Номер тринадцать. Плещите, ладони,

алые — клёнов, златые — берёз, —

нам, выживающим, млеющим в зоне

крипты подвала от атомных гроз.


Каких-то еврейских или израильских реалий в этих стихах нет — впрочем, может быть, они скрыты.


Феликс Чечик. «под какую мелодию примем…» и др. стихи. Волга, 2016, № 3–4


Линия, восходящая к Георгию Иванову и «парижской ноте», — линия трагического истончения реальности и мягкого полураспада высказывания.

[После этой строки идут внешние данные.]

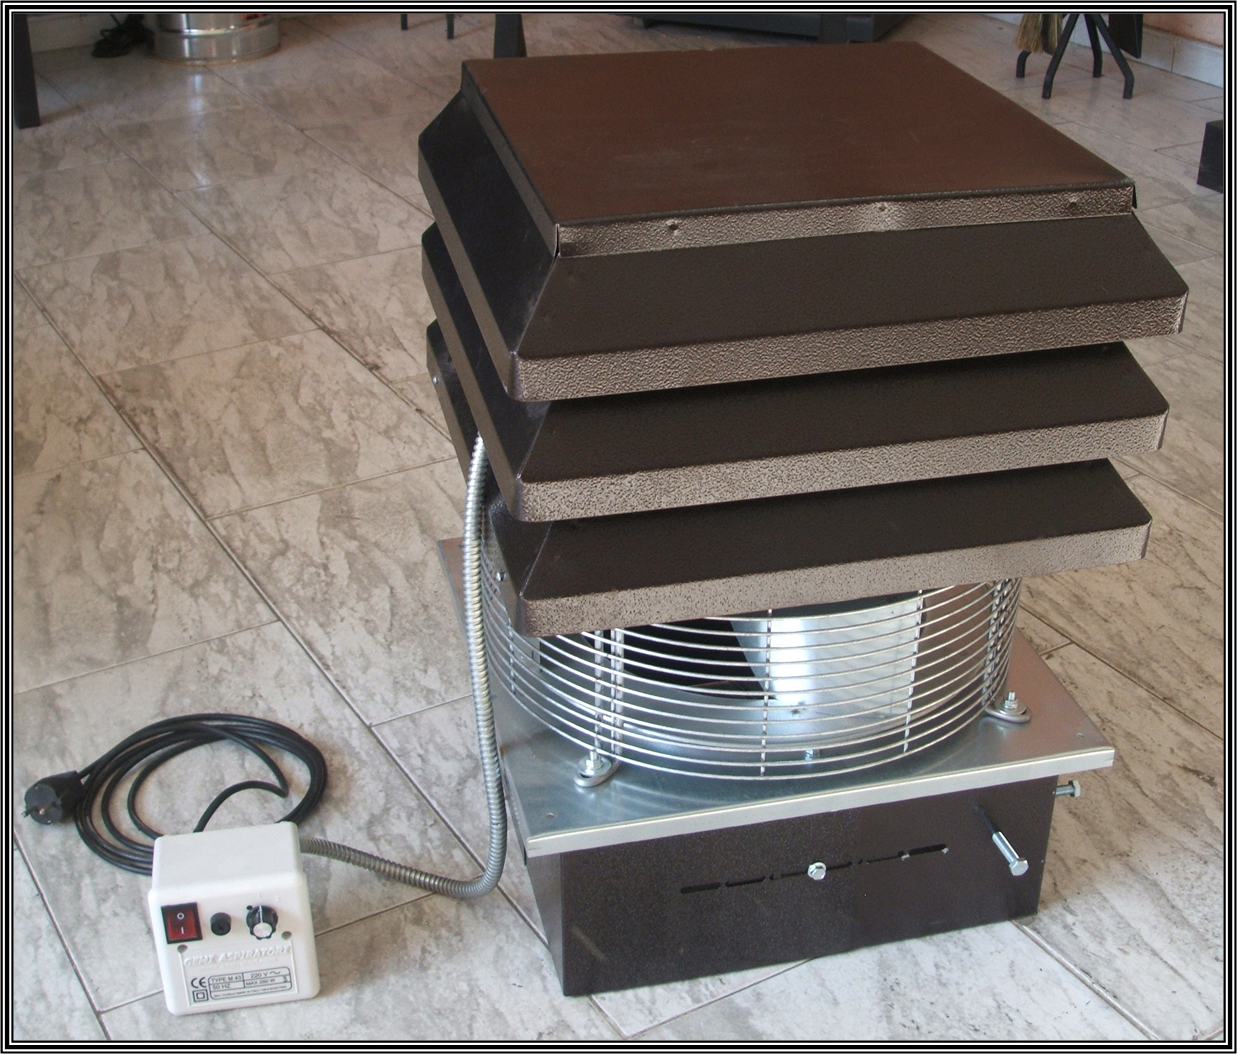 Chimeneas sierra aspirador de humo para chimeneas - Accesorios para chimeneas decorativas ...

Стихи Чечика — квалифицированный образчик этой эстетики:


под какую мелодию примем

смерть не смерть сон не сон

станем облаком белым на синем

накрахмаленным будто гарсон

под какую мелодию или

в тишине как в ночи

позабудем всё то что любили

растворимся и станем ничьи


Реальность Израиля, где живет поэт, адаптируется в его текстах русской лирической традицией, а не наоборот:


подарка лучше нет

посередине лета

в израиле чуть свет

державинская флейта


Вадим Месяц. Преступление и наказание. Шинель для Лейбы. Рассказы. Волга, 2016, № 3–4


Вадим Месяц, уроженец Томска, живший в Екатеринбурге, Москве, Нью-Йорке и снова в Москве, больше известен как поэт (а также издатель и пропагандист чужой поэзии), чем как прозаик. Его лаконичные и обаятельные рассказы — на автобиографическом материале.


Первый — о том, как герой-рассказчик и его одноклассник, пятнадцатилетние оболтусы, «осквернили святыню» (курили и балагурили у Вечного огня) и были за то разбираемы на собрании:


— У меня дедушка воевал с 39-го по 46-й, — сказал я. — Сейчас сидит в инвалидном кресле. Парализовало в прошлом году. Зачем мне осквернять памятники?

Временной отрезок службы деда не понравился Моисею еще больше (Моисею Максовичу Грайфу, видимо, учителю или завучу — из текста неясно. — В.Ш.). Он с семьей был сослан в Сибирь из Черновцов после аннексии Западной Украины, но об этом не распространялся.


Второй рассказ — о нью-йоркском знакомом по имени Лейба, который просит рассказчика привезти ему из России офицерскую шинель: он хочет таким образом «свести счеты с Красной армией». О каких счетах идет речь — понять трудно, ибо в Нью-Йорке предки Лейбы оказались, судя по всему, еще до советской власти. Тем не менее объяснение находится:


Какие-то исторические обиды остались. Лейба хотел отомстить России за страдания своего пращура. За то, что сам по вине прадеда оказался здесь и вынужден теперь помогать обнищавшим русским и кормить их японскими деликатесами.